212 North Main Street

P.O. Box 446

Bowling Green, Virginia 22427

(Address of principal executive offices, including Zip Code)


Registrant’s telephone number, including area code: (804) 633-5031



Check the appropriate box below if the Form 8-K filing is intended to simultaneously satisfy the filing obligation of the registrant under any of the following provisions (see General Instruction A.2. below):


¨ Written communications pursuant to Rule 425 under the Securities Act (17 CFR 230.425)


¨ Soliciting material pursuant to Rule 14a-12 under the Exchange Act (17 CFR 240.14a-12)


¨ Pre-commencement communications pursuant to Rule 14d-2(b) under the Exchange Act (17 CFR 240.14d-2(b)


¨ Pre-commencement communications pursuant to Rule 13c-4(c) under the Exchange Act (17 CFR 240.13c-4(c))


Item 1.01 Entry Into a Material Definitive Agreement


On December 30, 2005, the Board of Directors of Union Bankshares Corporation (the “Company”) approved accelerating the vesting of all unvested stock options outstanding (which as of December 30, 2005 consisted of an aggregate of 101,060 shares) under the Company’s incentive stock compensation plans effective as of December 30, 2005. The options are held by officers and employees and have a range of exercise prices between $12.81 and $47.76 per share and a weighted average exercise price of $29.90 per share. The closing price per share of the Company’s common stock on December 30, 2005 was $43.10. Except as described in the next paragraph, all other terms of the affected options remained unchanged.


Of the total number of options whose vesting was accelerated by this action, named executive officers (as referenced in the March 11, 2005 proxy statement) of the Company hold options to purchase an aggregate of 15,040 shares of common stock. In order to offset unintended personal benefit to the named executive officers, officers, and employees of the Company as a result of the vesting acceleration, shares of the Company’s common stock obtained upon exercise of an accelerated option by a participant have been restricted and may not be sold or otherwise transferred prior to the expiration of the option’s original vesting period.

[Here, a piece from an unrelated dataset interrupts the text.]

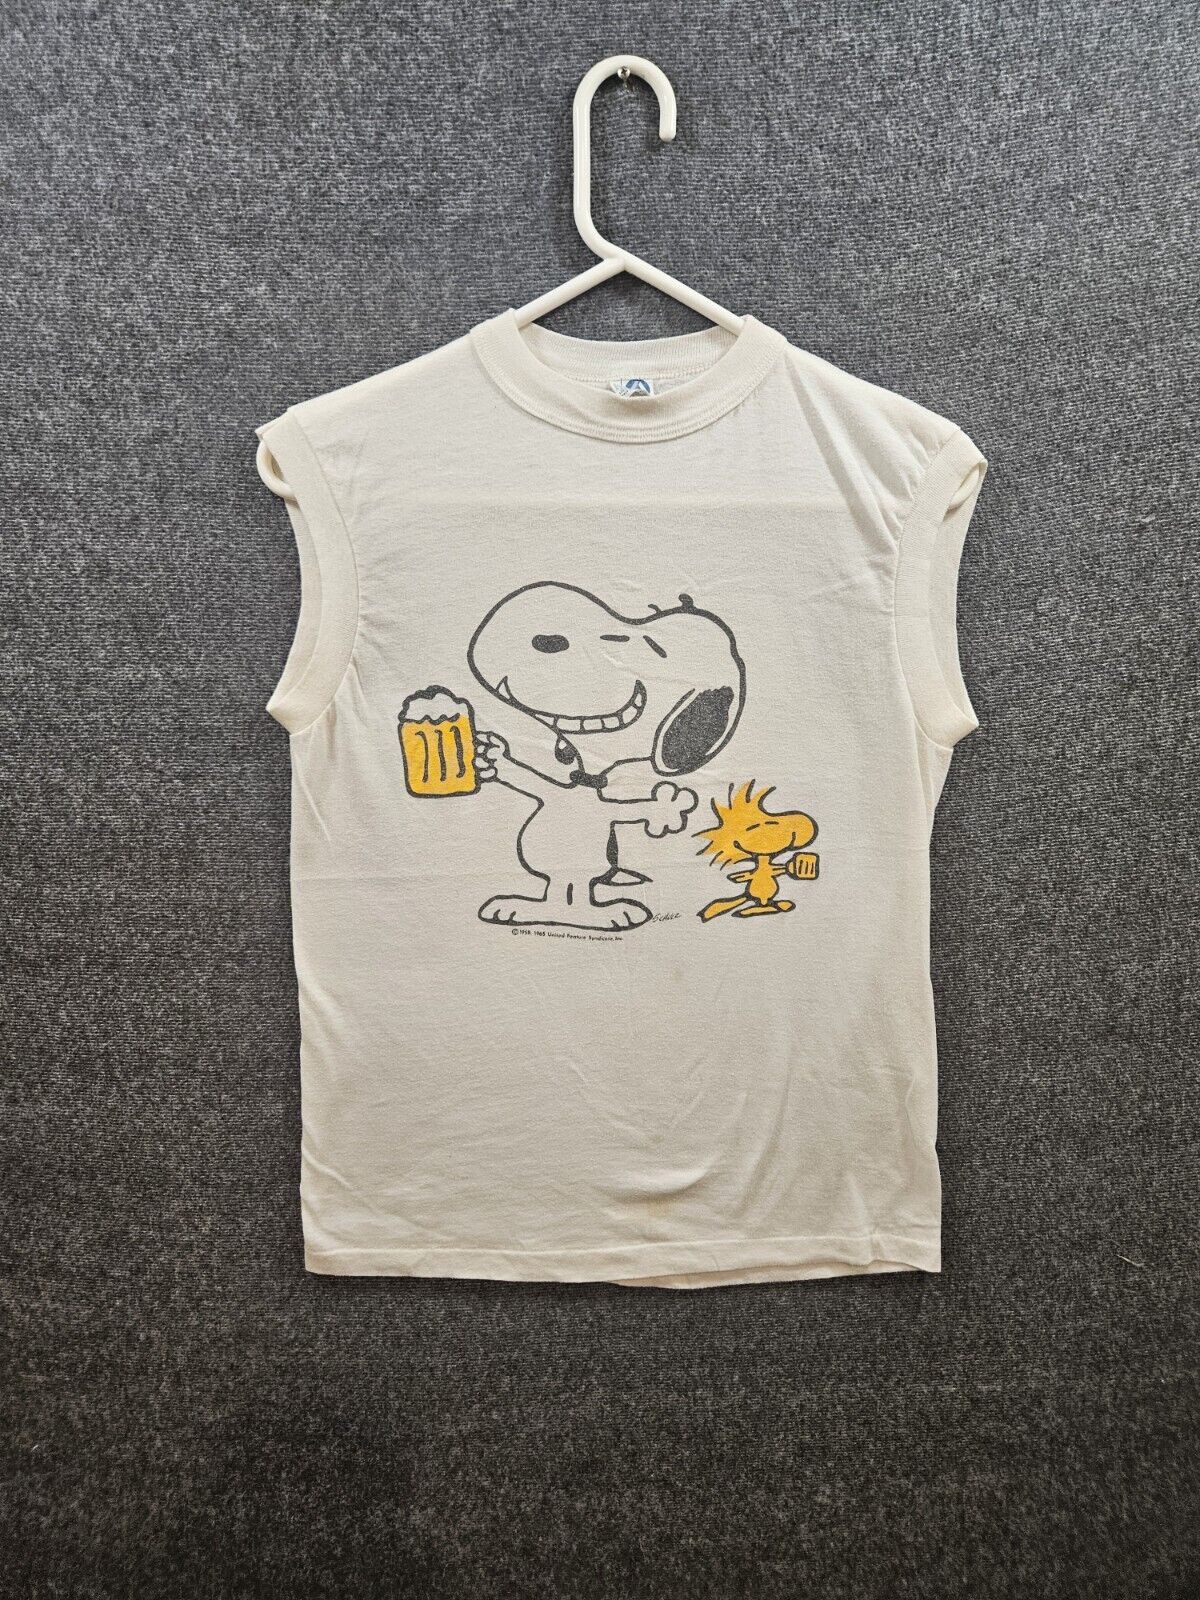 Vintage 1980s Snoopy Tank Top Shirt Artex Size Medium Used Condition 
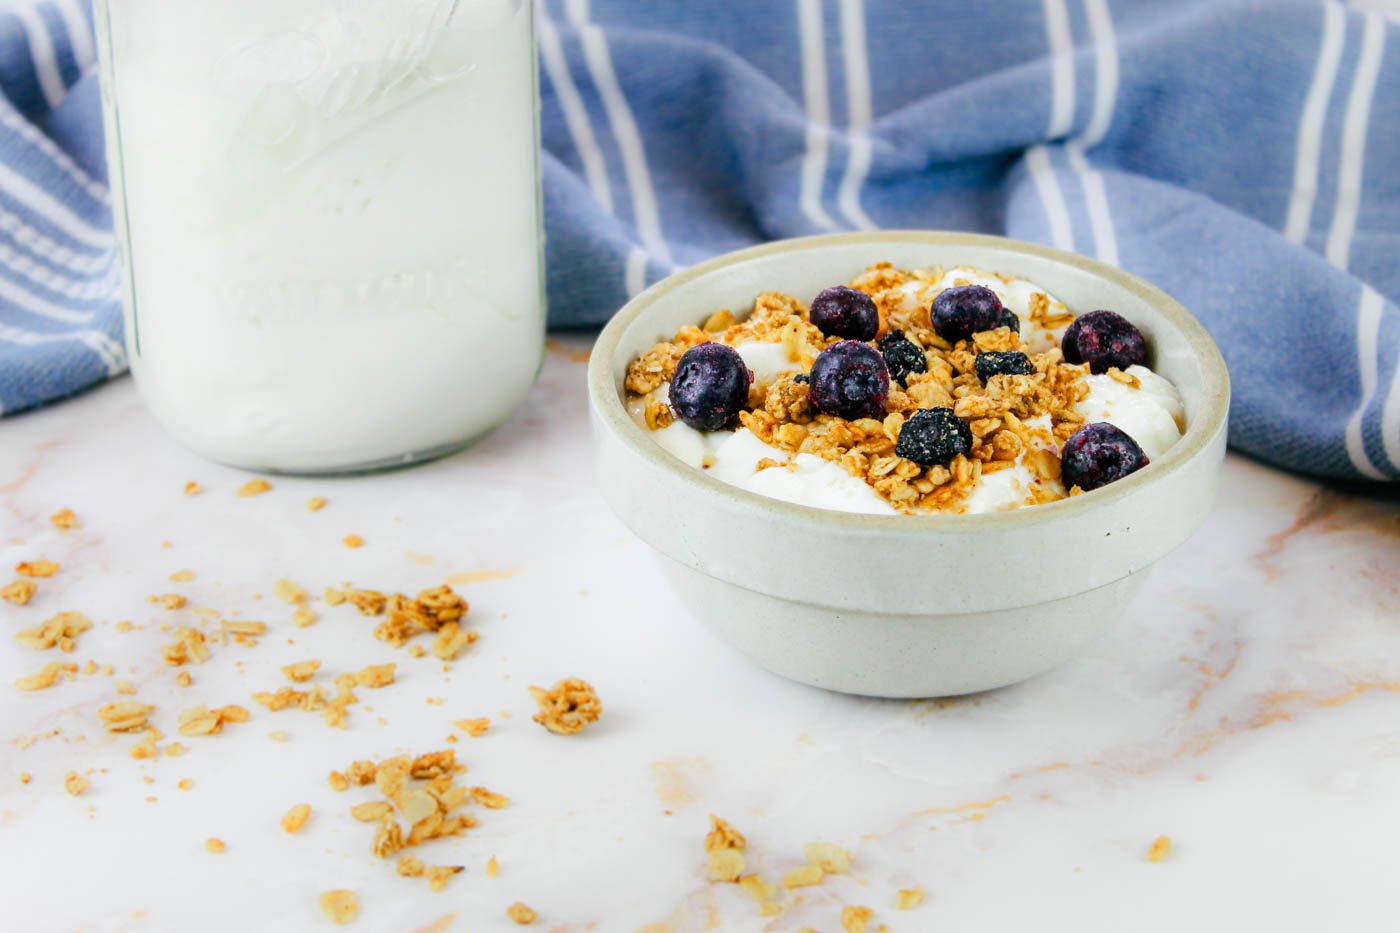 blueberries and granola top a ceramic bowl of homemade yogurt

The Board determined to accelerate the vesting of these options in order to eliminate the Company’s recognition of compensation expense associated with the affected options under Statement of Financial Accounting Standards No. 123R, Share-Based Payment, which will apply to the Company beginning in the first quarter of 2006. The Company anticipates that the aggregate pre-tax compensation expense associated with the accelerated options that will be avoided by this action is approximately $792 thousand, of which approximately $312 thousand would have been recognized in 2006. The Company believes that it will not be required to recognize any compensation expense in future periods associated with the affected options. However, there can be no assurance that the acceleration of vesting of these options may not result in some future compensation expense.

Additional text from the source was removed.